The New Type of MP Labour Needs

Tom Gann
2 min readApr 24, 2017

--

Often our values of solidarity and co-operation are seen as irrelevant or impractical, sometimes Labour is felt to not embody these values. Either way, people across the country experience Labour as alien, remote and irrelevant and this experience has its consequences at elections. This alienation began before Jeremy Corbyn, indeed, in many ways it began before Tony Blair. The Party’s increasing lack of a clear, distinct, positive purpose can be seen as a consequence of the successful attempt to win elections under Blair while doing nothing to challenge the dominance of values hostile to our own. This worked electorally under Blair but the failure to assert and make practical our values meant deeper problems were never addressed and as a strategy it can no longer work. Corbyn’s election as Labour leader was a response to this moral crisis and his leadership offers the chance of addressing it.

MPs have, whether in government or opposition, a clear and vital task at Westminster, but they also have a task and opportunity as they are viewed as the political focus of their communities. If selected as Labour candidate for Lewisham West and Penge, and, subsequently, if elected MP, I will dedicate a significant amount of both my time and Parliamentary salary to helping to build on and politicise community capacities and to institutionalise solidarity in Lewisham West and Penge.

I will work to see the money, and any influence I have, to bring people together, whether they are Labour members or not (and one thing the excitement of Corbyn’s leadership has brought is a large new membership who could have a real, direct impact on their communities), initially to establish a network of Labour breakfast clubs where anyone can get a good, nutritious breakfast. I hope these clubs will begin to provide community focal points where skills and knowledge can be shared for mutual support and be a basis for popular participation to influence how we use the strength of the party membership and the community to meet people’s needs whether directly through things that might include, alongside Labour breakfast clubs, food banks, legal support or cultural education or through influencing our representatives both locally and nationally.
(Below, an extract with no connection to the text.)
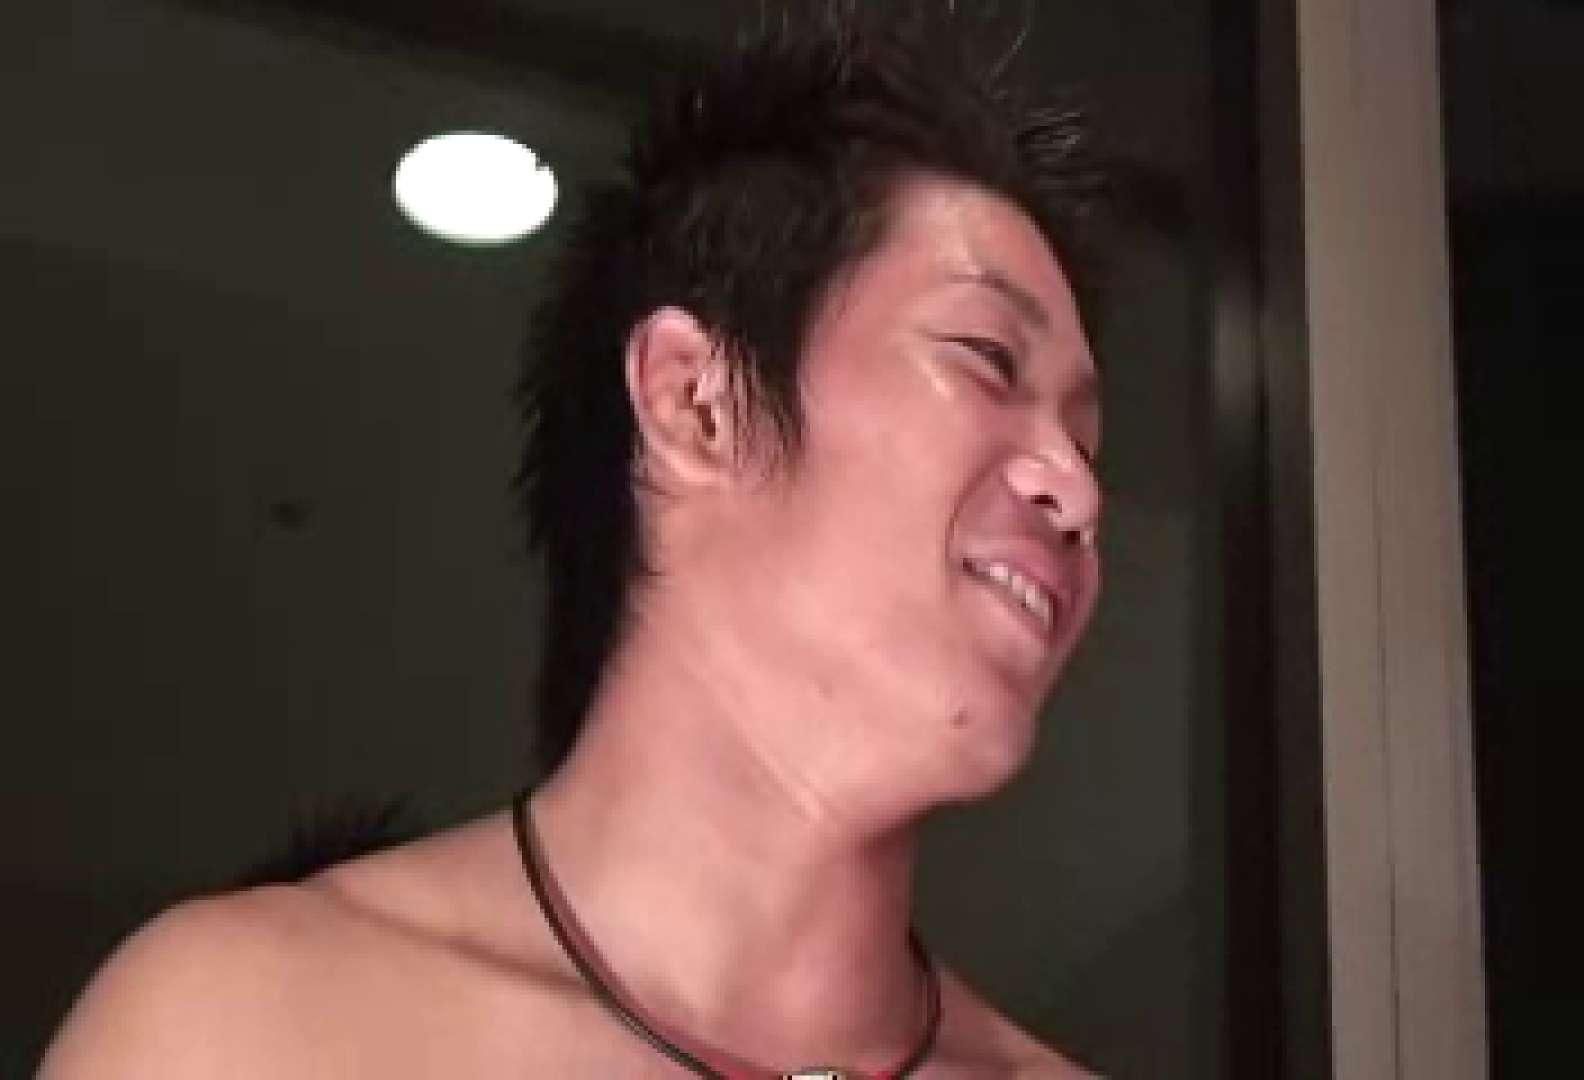 スリ筋!!Nice Finish!!vol.02 オナニー ゲイアダルトビデオ画像 79枚 32
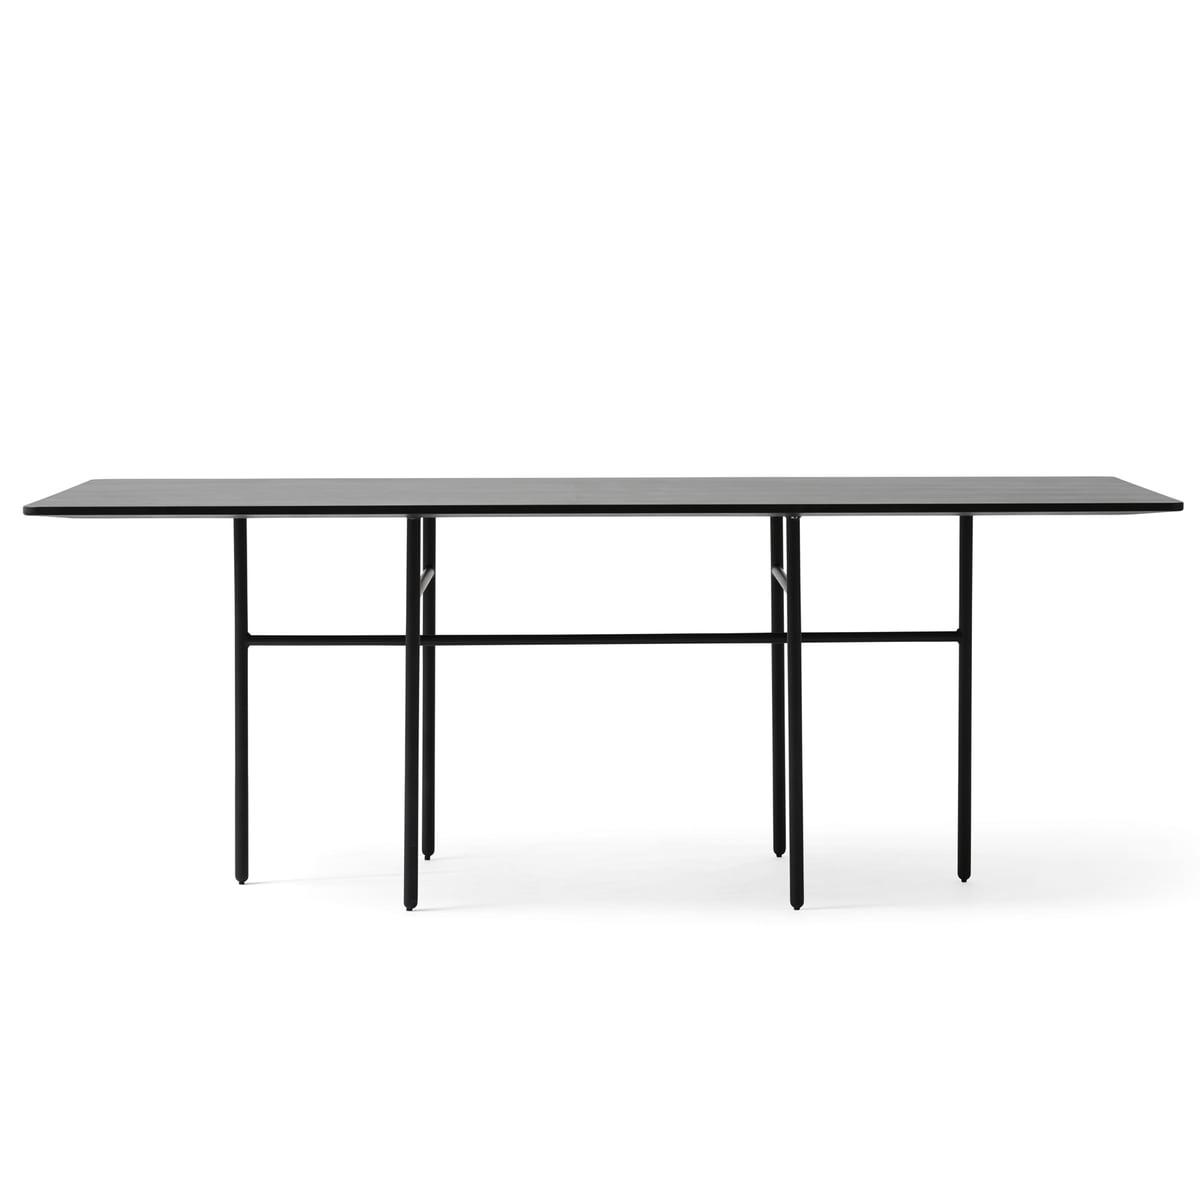 Snaregade Tisch von Menu im Shop kaufen

If we want to rebuild the trust in communities that will rebuild our support electorally, Labour must show that co-operation and solidarity are our values and that they are meaningful and practical values. In a context where cuts to benefits, welfare services, legal aid or other legal advice, ever narrower limits on entitlements to housing or lack of childcare and cultural and arts education for working class children limits the lives of thousands in every constituency, we have a duty to use our power to help and the opportunity to show we can be useful. If am selected then elected in Lewisham West and Penge, I will do everything I can to help prove the usefulness of Labour and of our values and, even more importantly, to support and encourage the Party and community to prove that for themselves.